Purpose: Repair of midline ventral incisional hernias (VIHR) requires mesh reinforcement. Mesh types can be categorised into synthetic, biosynthetic, or biological. There is a lack of evidence to support one type of mesh over another. The aim of this pilot study was to compare mesh sensation in patients having undergone elective open repair with synthetic or biosynthetic mesh.

Methods: Four years of prospectively collected data were retrospectively reviewed on 40 patients who had undergone VIHR, using either biosynthetic or synthetic mesh placed in the retromuscular plane. The decision on type of mesh used was governed by patient characteristics. Patients were invited to complete the Carolinas Comfort Scale (CCS) questionnaire, the higher the score indicating a poorer quality of life. The maximum length of follow-up was 36 months.
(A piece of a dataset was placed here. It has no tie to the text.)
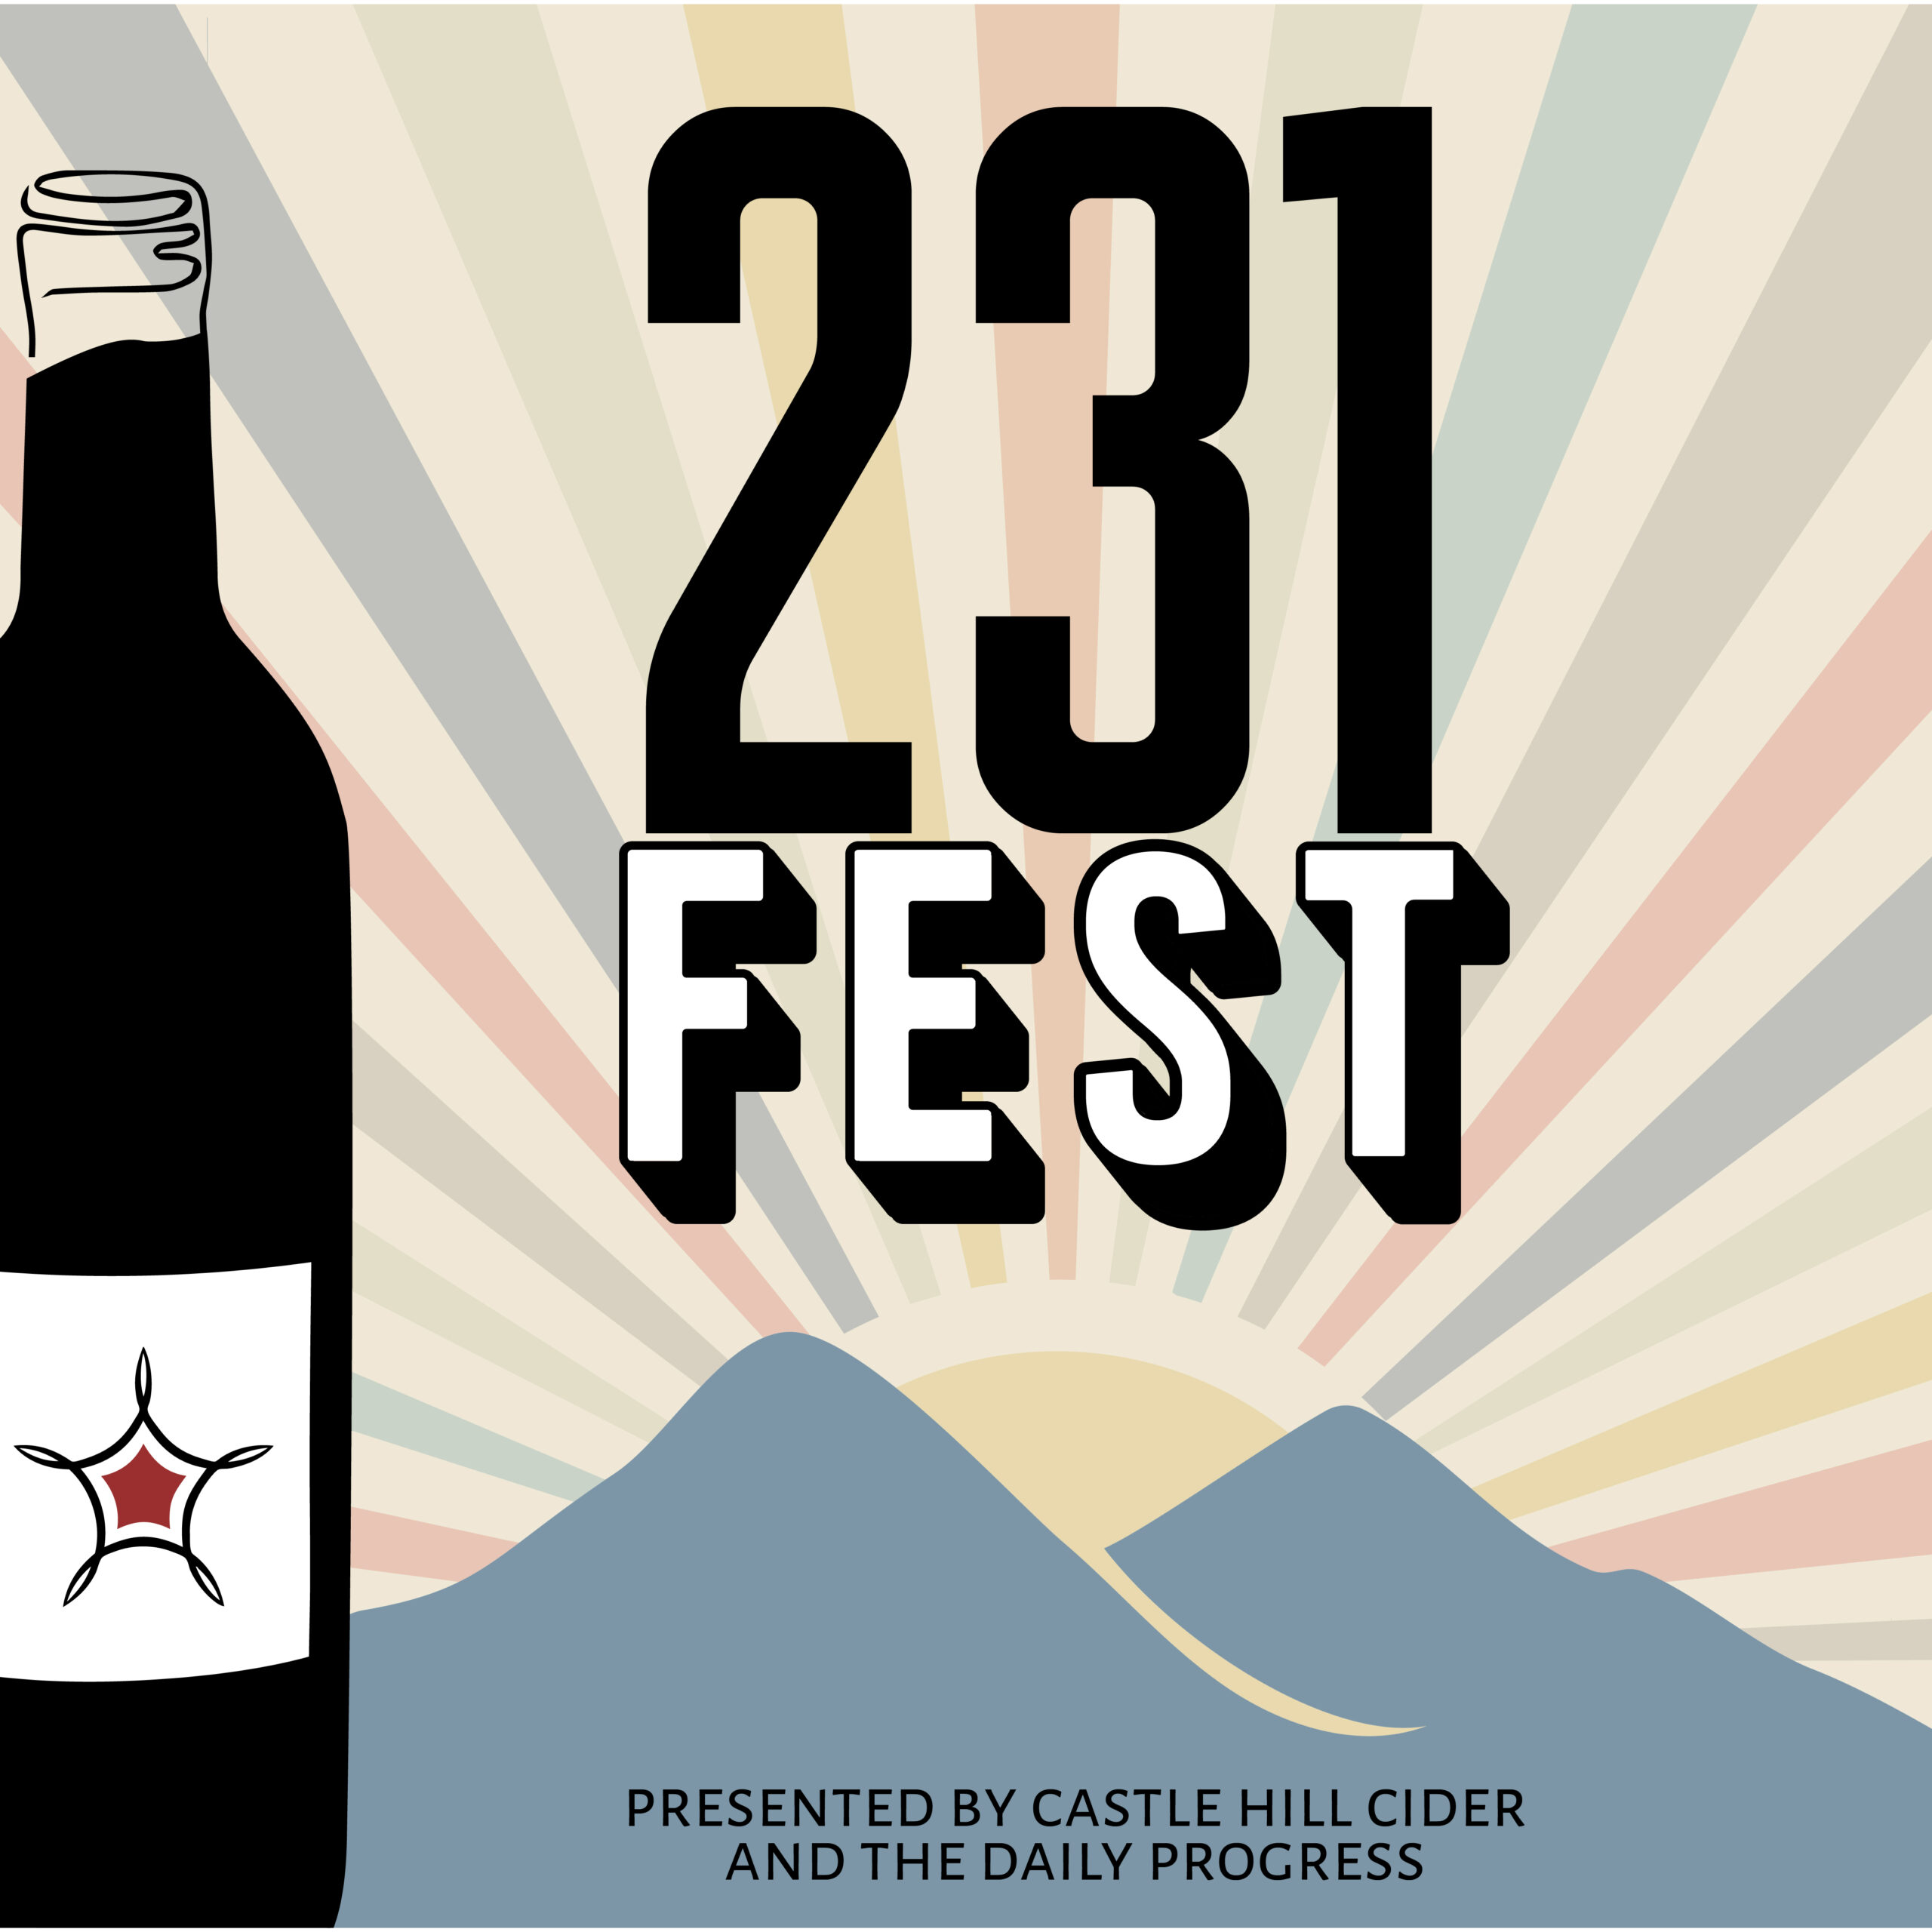 231 Fest Logo and Poster Design

Results: Twenty patients received permanent synthetic and 20 biosynthetic mesh. There was no clinical evidence of hernia recurrence in either group in the short to medium term. Overall, 97% (39/40) patients reported an average of either no or mild symptoms (mean CCS score 17.9 of 115). Patients with a biosynthetic repair had a significant lower CCS at ≥ 18 months (p < 0.05).

Conclusion: After VIHR, patients have low CCS scores, indicating good quality of life outcomes, in the short to medium term irrespective of the mesh used. However, biosynthetic mesh had lower CCS scores in the medium term. This may help surgeons and patients make better informed decisions about which mesh to use in their individual circumstances.